4. A Top Time-Waster: Stretching for Yield

Instead of focusing on establishing adequate cash reserves, some investors try to shift their "safety net" positions to holdings that promise higher yields for similar levels of risk. Unfortunately, this strategy ignores the overwhelming evidence that risk and expected return are closely related. Stretching for extra yield  out of your stable holdings inevitably renders them riskier than intended for their role. As personal finance columnist Jason Zweig observes in a recent article  about one such yield-stretching fund, "Whenever you hear an investment pitch that talks up returns and downplays risks, just say no."

5. A Best Practice: Evidence-Based Portfolio Management

When it comes to investing, we suggest reserving your energy for harnessing the evidence-based strategies most likely to deliver the returns you seek, while minimizing the risks involved. This includes: Creating a mix of stock and bond asset classes that makes sense for you; periodically rebalancing your prescribed mix (or "asset allocation") to keep it on target; and/or adjusting your allocations if your personal goals have changed. It also includes structuring your portfolio for tax efficiency, and identifying ideal holdings for achieving all of the above.

6. A Top Time-Waster: Playing the Market

Some individuals have instead been pursuing "get rich quick" schemes with active bets and speculative ventures. The Wall Street Journal has reported on young, do-it-yourself investors exhibiting increased interest in opportunistic day-trading, and alternatives such as stock options  and volatility markets.

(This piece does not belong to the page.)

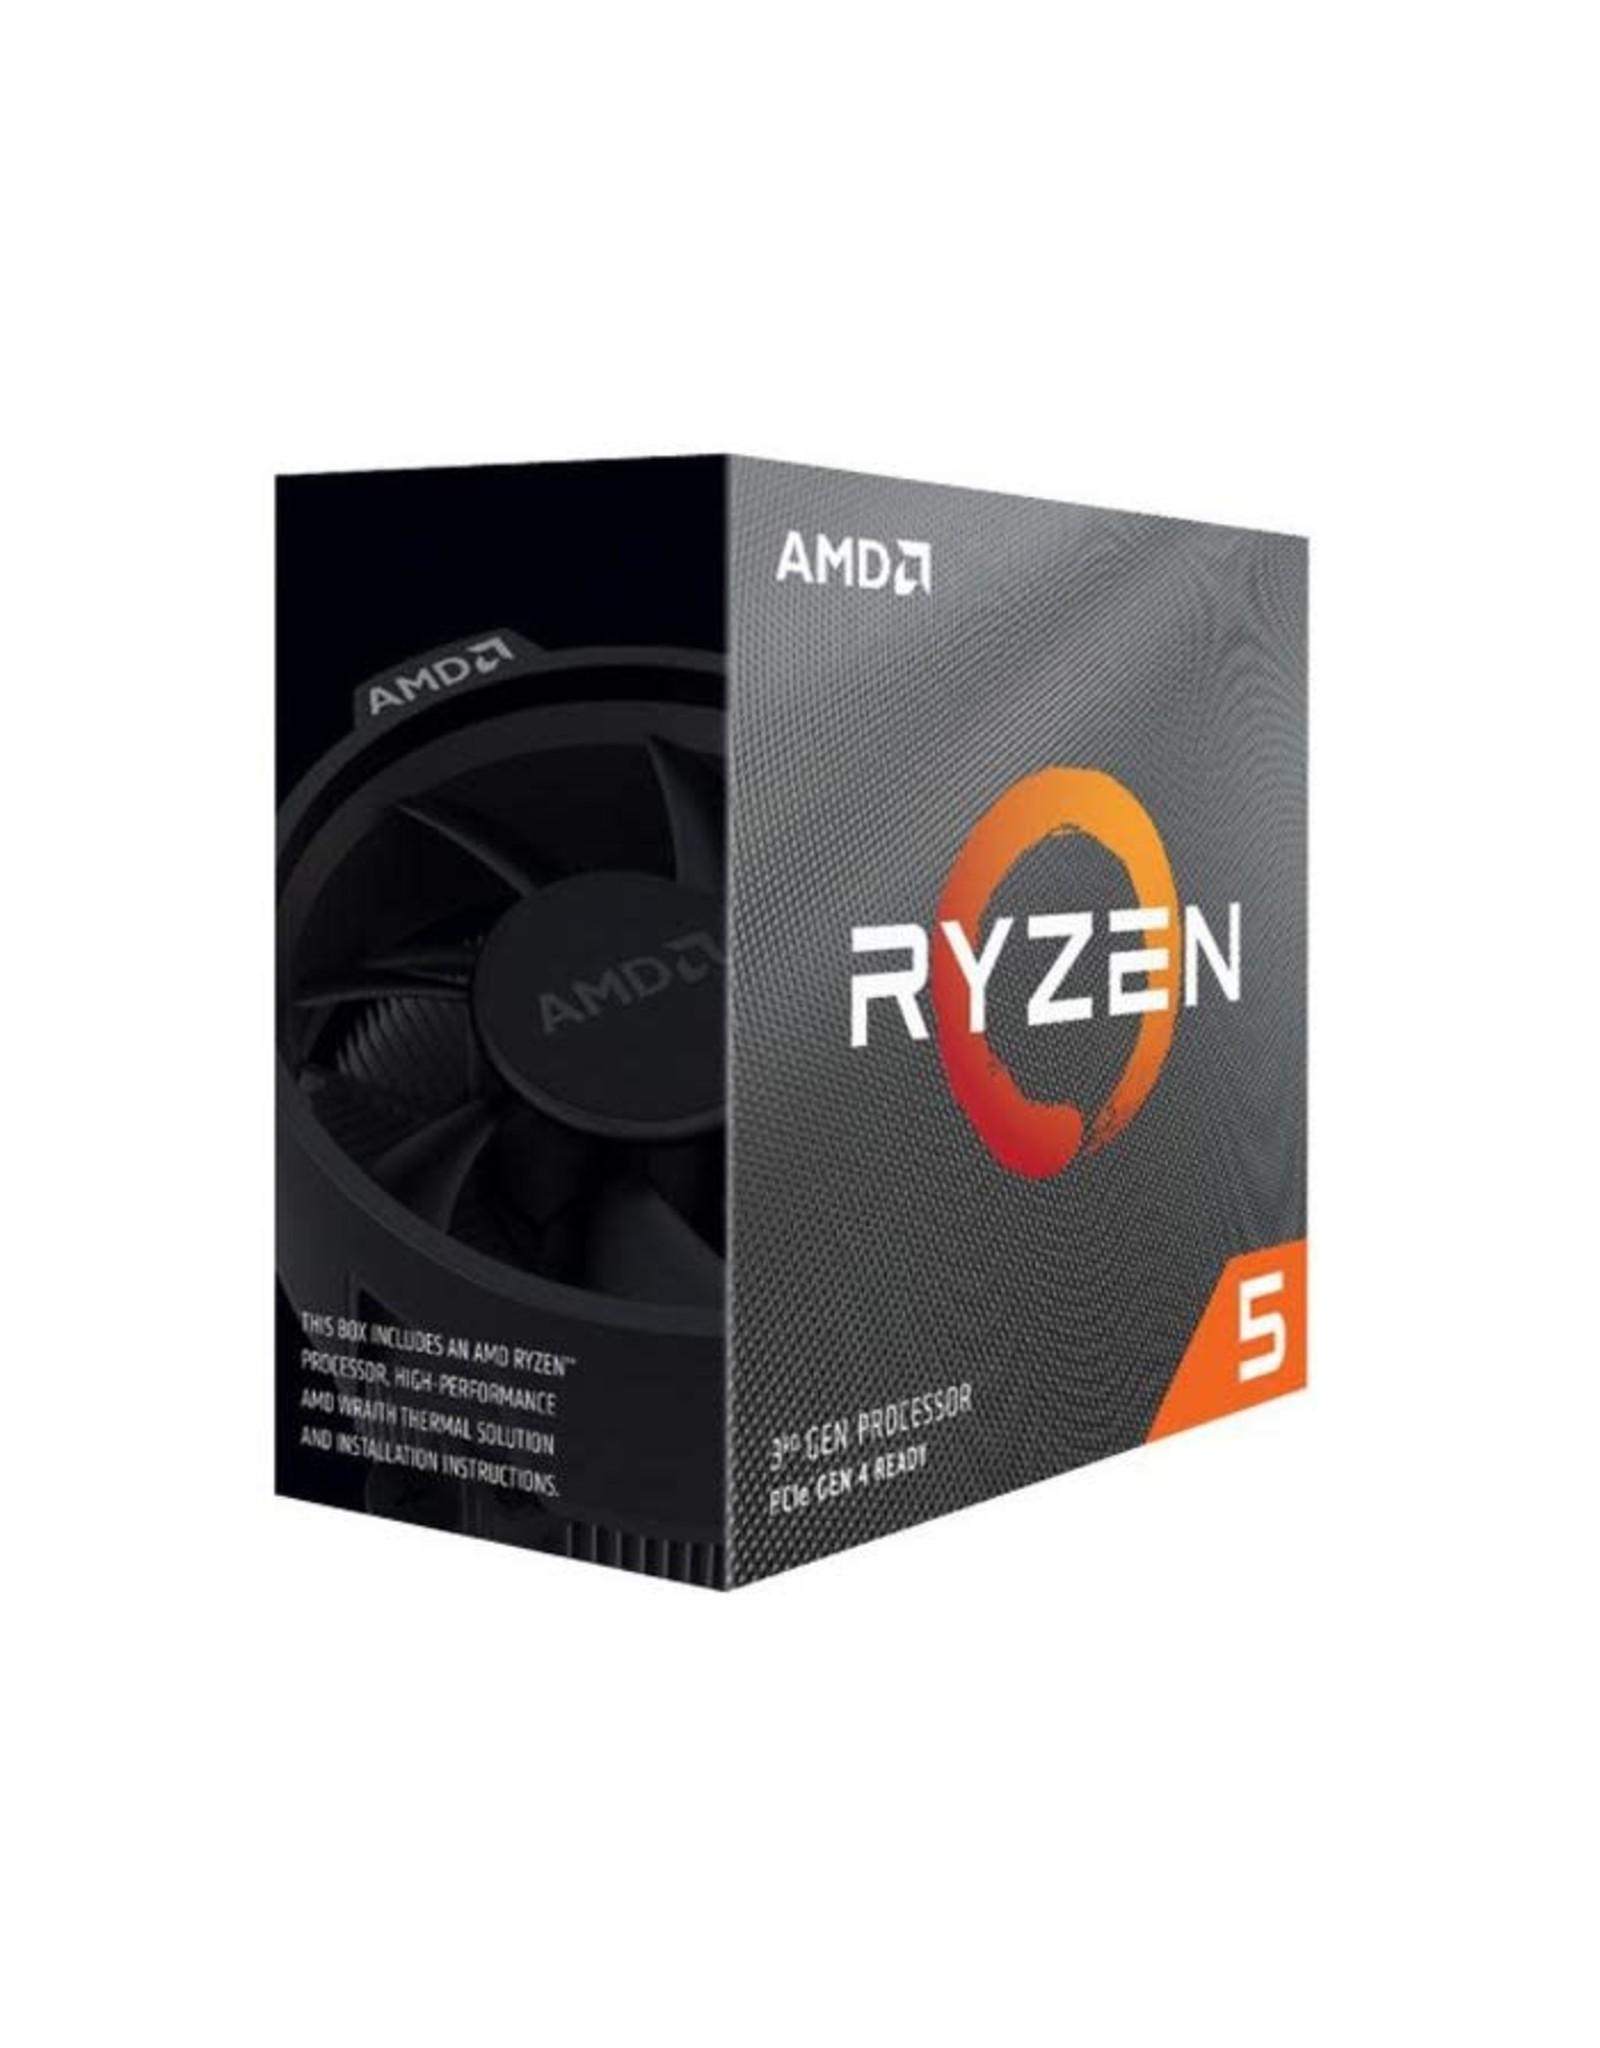 AMD AMD Ryzen 5 3600 with Cooler

Evidence suggests you're better off patiently participating in efficient markets as described above, rather than trying to "beat" them through risky, concentrated bets. Over time, playing the market is expected to be a losing strategy for the core of your wealth.

7. A Best Practice: Plenty of Personalized Financial Planning

There is never a bad time to tend to your personal wealth, but it can be especially important—and comforting—when life has thrown you for a loop. Focus on strengthening your own financial well-being rather than fixating on the greater uncontrollable world around us. To name a few possibilities, we've continued to proactively assist clients this year with their portfolio management, retirement planning, tax-planning, stock options, business successions, estate plans and beneficiary designations, insurance coverage, college savings plans, and more.

8. A Top Time-Waster: Fleeing the Market

On the flip side of younger investors "playing" the market, retirees may be tempted to abandon it altogether. This move carries its own risks. If you've planned to augment your retirement income with inflation-busting market returns, the best way to expect to earn them is to stick to your plan. What about getting out until the coast seems clear? Unfortunately, many of the market's best returns come when we're least expecting them. This year's strong rallies amidst gloomy economic news illustrates the point well. Plus, selling stock positions early in retirement adds an extra sequence risk   drag on your future expected returns.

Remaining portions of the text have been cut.